Skip to content

shmpanski/brainlet

Repository files navigation

🧠 brainlet

CI Checked with mypy Code style: black

let's search

Installation

Local installation via pip:

git clone https://github.com/shmpanski/brainlet.git && cd brainlet
pip install .

How it works

The service is based on the weaviate framework. The inference of semantic encoders and extractive QA is implemented via weaviate modules text2vec-transformers and qna-transformers. The web service API is implemented using FastAPI.

Data

The service requires text knowledge base. For the project, we assume that it follows the next jsonl format:

{
  "url": "https://any-link-to-your-original-knowledge",
  "title": "title of document",
  "paragraphs": [
    "text paragraph #1",
    "text paragraph #2",
    "..."
  ]
}

Initialization

First, you need to run the inference, index, storage, and API services:

docker-compose up --build

Second, you need to initialize the data schema and start data indexing. There is a CLI interface for this (a list of all commands is available in brainlet --help):

# Initialize the data schema
brainlet init
# Import data
brainlet index --source data/enwiki.jsonl --progress

There is no third step. You can go to http://0.0.0.0/docs (default) and look how the client works.

Under the hood

Question Answering based on the text knowledge base is done in several steps:

  1. Search for the most relevant document from the knowledge base using hybrid search. Hybrid search includes ranking based on BM25 and mutli-qa-MiniLM-L6 semantic encoding.
  2. Find the most relevant paragraph of the document using the same semantic encoder mutli-qa-MiniLM-L6.
  3. Use bert-large-finetuned-squad to find spans of the most likely answer.
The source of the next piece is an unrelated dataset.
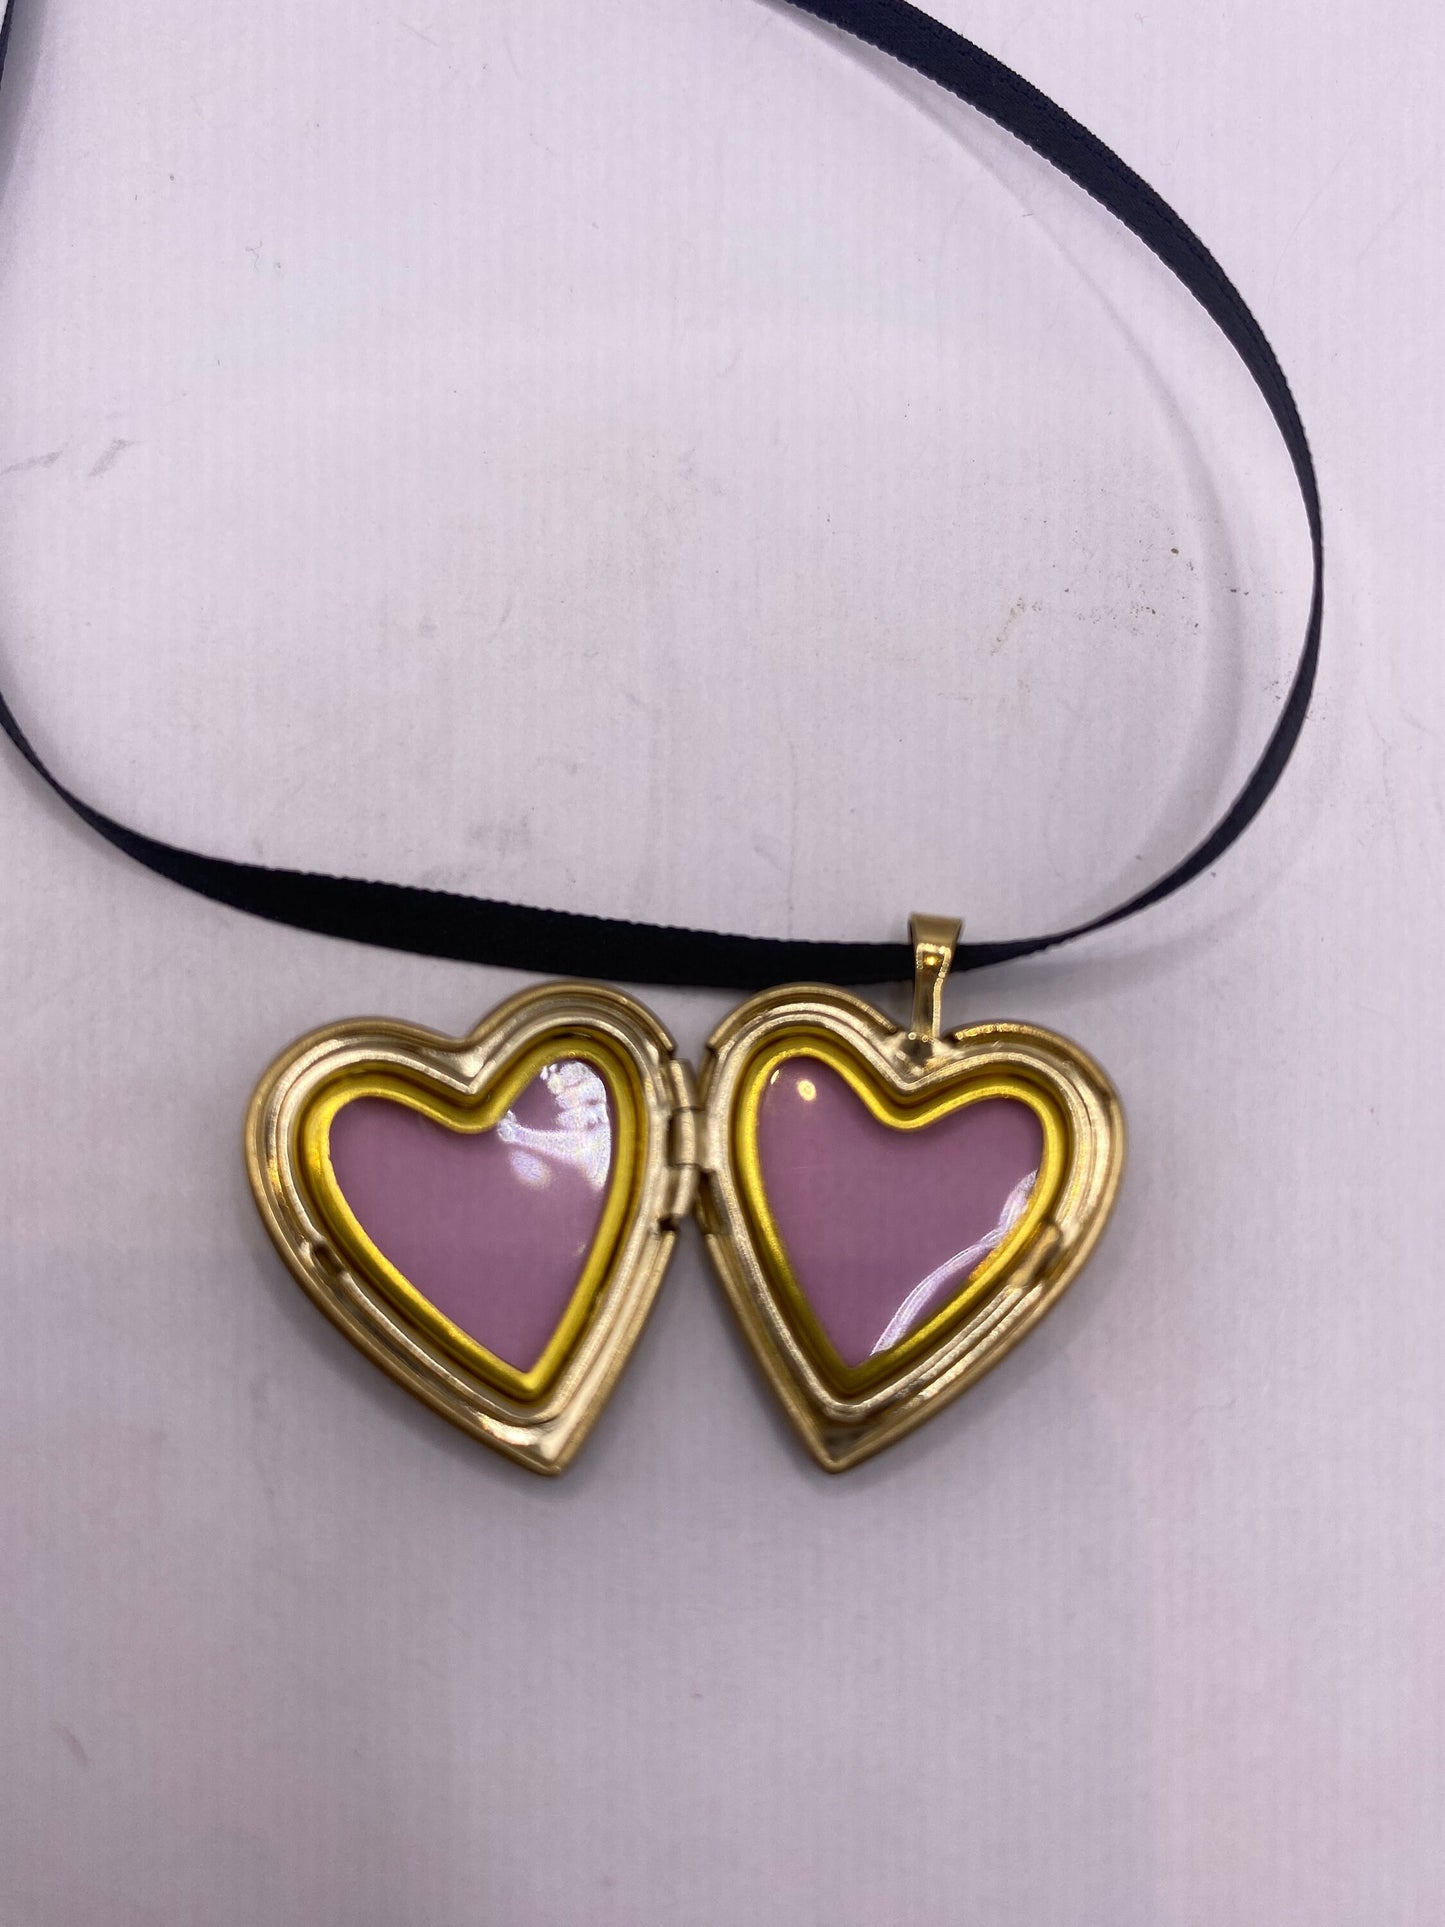 Vintage Gold Locket | Tiny Heart 9k Gold Filled Pendant Photo Memory Charm Engraved #1 Mom | Choker Necklace

end-to-end wikipedia example:

Install additional requirements:

pip install ".[dev]"
# OR
pip install wikiextractor~=3.0.6

Prepare data:

# Download dump:
curl -O --output-dir ./data --create-dirs https://dumps.wikimedia.org/enwiki/latest/enwiki-latest-pages-articles-multistream1.xml-p1p41242.bz2

# Export wiki dump to json:
wikiextractor ./data/enwiki-latest-pages-articles-multistream1.xml-p1p41242.bz2 \
    --json --no-templates --output - \
    > ./data/enwiki-latest-pages-articles-multistream1.p1p41242.jsonl

# Preprocess data for suitable format:
python ./scripts/preprocess_wiki_data.py \
   --input ./data/enwiki-latest-pages-articles-multistream1.p1p41242.jsonl \
   --output ./data/enwiki.jsonl

Run all services using docker-compose:

docker-compose up --build

Create schema and import your data:

brainlet init && brainlet index --source data/enwiki.jsonl --progress

After a while, you can make a request (it is not necessary to wait for the end of indexing, it is done in the background):

curl -X 'GET' \
  'http://0.0.0.0/?question=what%20is%20anarchism%3F' \
  -H 'accept: application/json'

Fortunately, you will get an answer to the question:

{
  "has_answer": true,
  "source": {
    "title": "Anarchism",
    "url": "https://en.wikipedia.org/wiki?curid=12"
  },
  "support_text": "Anarchism is a political philosophy and movement that is skeptical of all justifications for authority and seeks to abolish the institutions it claims maintain unnecessary coercion and hierarchy, typically including, though not necessarily limited to, governments, nation states, and capitalism. Anarchism advocates for the replacement of the state with stateless societies or other forms of free associations. As a historically left-wing movement, this reading of anarchism is placed on the farthest left of the political spectrum, it is usually described as the libertarian wing of the socialist movement (libertarian socialism).",
  "answer": "a political philosophy and movement that is skeptical of all justifications for authority",
  "certainty": 0.48392624855041505
}

Testing

pip install ".[dev]"
docker-compose up -d weaviate
pytest tests

Evaluation

You can run evaluation on SQuAD-2.0 with following steps:

# Download squad-2.0-dev data
curl https://rajpurkar.github.io/SQuAD-explorer/dataset/dev-v2.0.json --output ./data/squad-2.0-dev.json

# Export knowledge base and list of questions. Use --max-samples in order to evaluate on small part of dataset.
python ./scripts/preprocess_squad_data.py \
    --input ./data/squad-2.0-dev.json \
    --output ./data/squad \
    --max-samples 1

# Run services
docker-compose up --build

# Init schema and import knowledge base
brainlet init && brainlet index --source ./data/squad/knowledge-base.jsonl --progress --batch-size 1

# Find questions and store them into answers file
brainlet inference --questions-file ./data/squad/questions.jsonl --output-file ./data/squad/answers.jsonl

# Calculate metrics
python ./scripts/evaluate_squad.py ./data/squad/squad-2.0-dev.json ./data/squad/answers.jsonl

Or just use evaluation script:

 bash scripts/evaluate_squad.bash

Note that resulting scores are much lower than ones from SQuAD benchmark because we perform hybrid search and try to find most relevant SQuAD paragraphs:

{
  "exact": 31.820096016171146,
  "f1": 35.305567460735034,
  "total": 11873,
  "HasAns_exact": 38.25910931174089,
  "HasAns_f1": 45.240047648668664,
  "HasAns_total": 5928,
  "NoAns_exact": 25.399495374264088,
  "NoAns_f1": 25.399495374264088,
  "NoAns_total": 5945
}